As in the financial (and many other IT-related sectors, which is most sectors by now) it is not too hard to convince congressmen that technology is moving so fast that the government could not possibly understand enough to design, implement and execute enlightened regulation of it. Ironically, the underlying network and routing protocols under the hood of the Internet have not fundamentally changed in decades.
My three concluding recommendations related to network neutrality were not original, and both also apply to persistently unsolvable cybersecurity problems, since what network neutrality and cybersecurity have most in common is the lack of available empirical data on operational networks driving policy discourse. First, as S&T Division Director Doug Maughan has long and tirelessly argued, we must educate the lawyers. (Former FCC chairman Michael Powell has also suggested restructuring the FCC to have a much smaller fraction of them..)
Second, as fellow panelist Rob Frieden has long argued, the FCC should require more meaningful disclosure related to network management practices, performance characteristics, and terms and conditions of their broadband services. The gaping and unavoidable loophole of the FCC’s proposed network neutrality framework is that differential treatment of traffic based on content must only be allowed for “reasonable network management”, which includes anything related to security, a blithely moving and necessarily subjective target.

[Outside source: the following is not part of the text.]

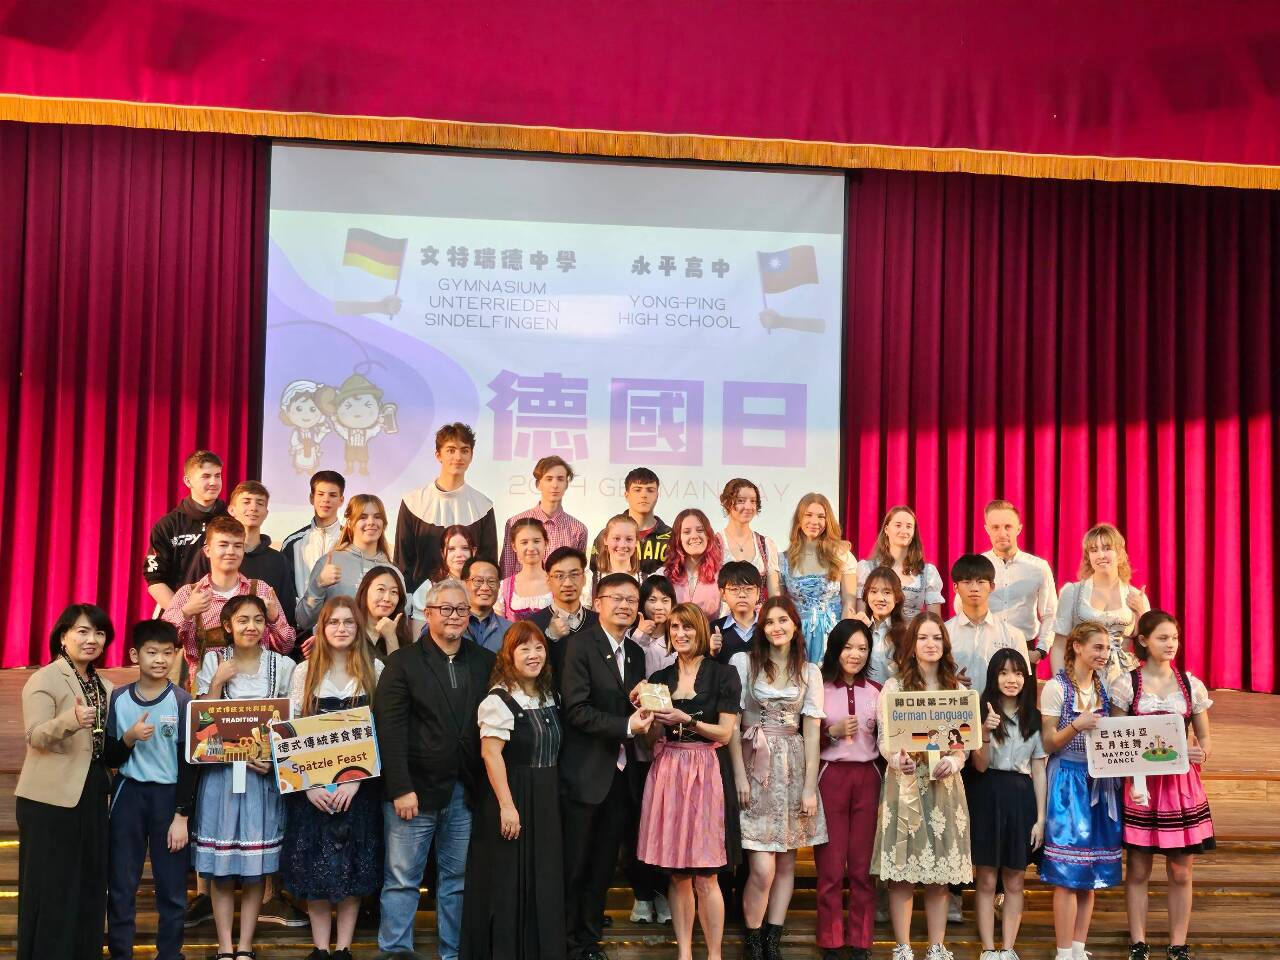 姊妹校回訪台灣 永平高中舉辦「德國日」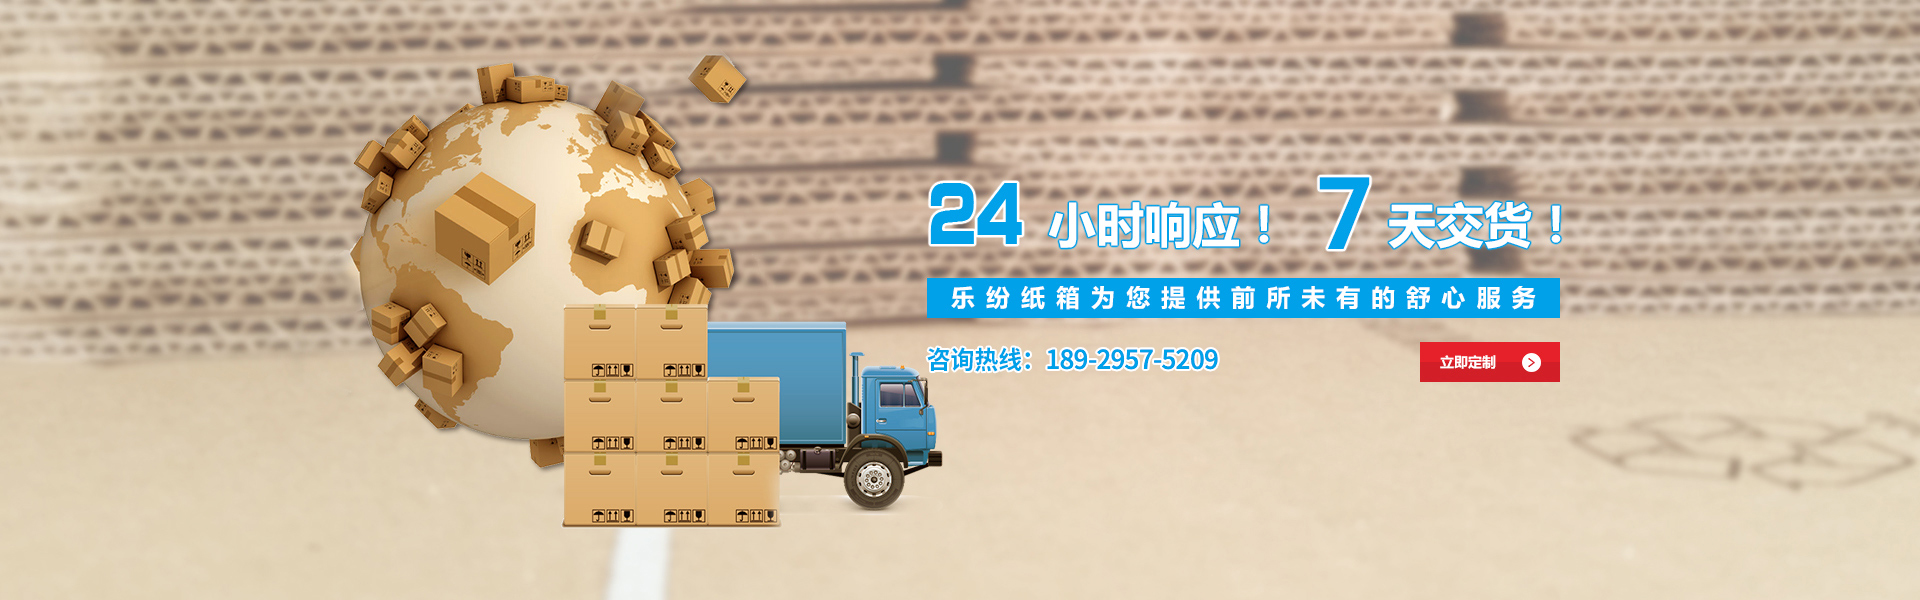 广州乐纷纸箱,为您提供舒心的纸箱定制服务

But it is precisely because the government is in no position to define and enforce “reasonable network management”, that the endgame must be that carriers do not have financial interest in the content of what they’re carrying — the same conditions that made the Internet possible. So my third recommendation is also a prediction — we must replace this broken unit of policy discourse with a more demonstrably productive one. The network neutrality meme is in the process of costing us another decade of empirically grounded debate, and it will ultimately fail to accomplish its own objective: non-discriminatory access to the infrastructure. The real solution, as history repeatedly has taught us with other critical infrastructures, is to structure (architect, regulate) the industry to financially separate the pipe owner from the providers delivering services over it. Pipe owners must not be able to monetize the semantics of the bits by design As the other panelists and other realists would assure you, structural separation is unlikey to happen in this country in the foreseeable future. Even non-discriminatory (“open”) access requirements will be hard to recover, despite the fact that in all countries with much higher penetration or much higher bandwidth to the home, such open access requirements exist. The structural separation meme has not yet really begun to spread, but history suggests it is merely a matter of time.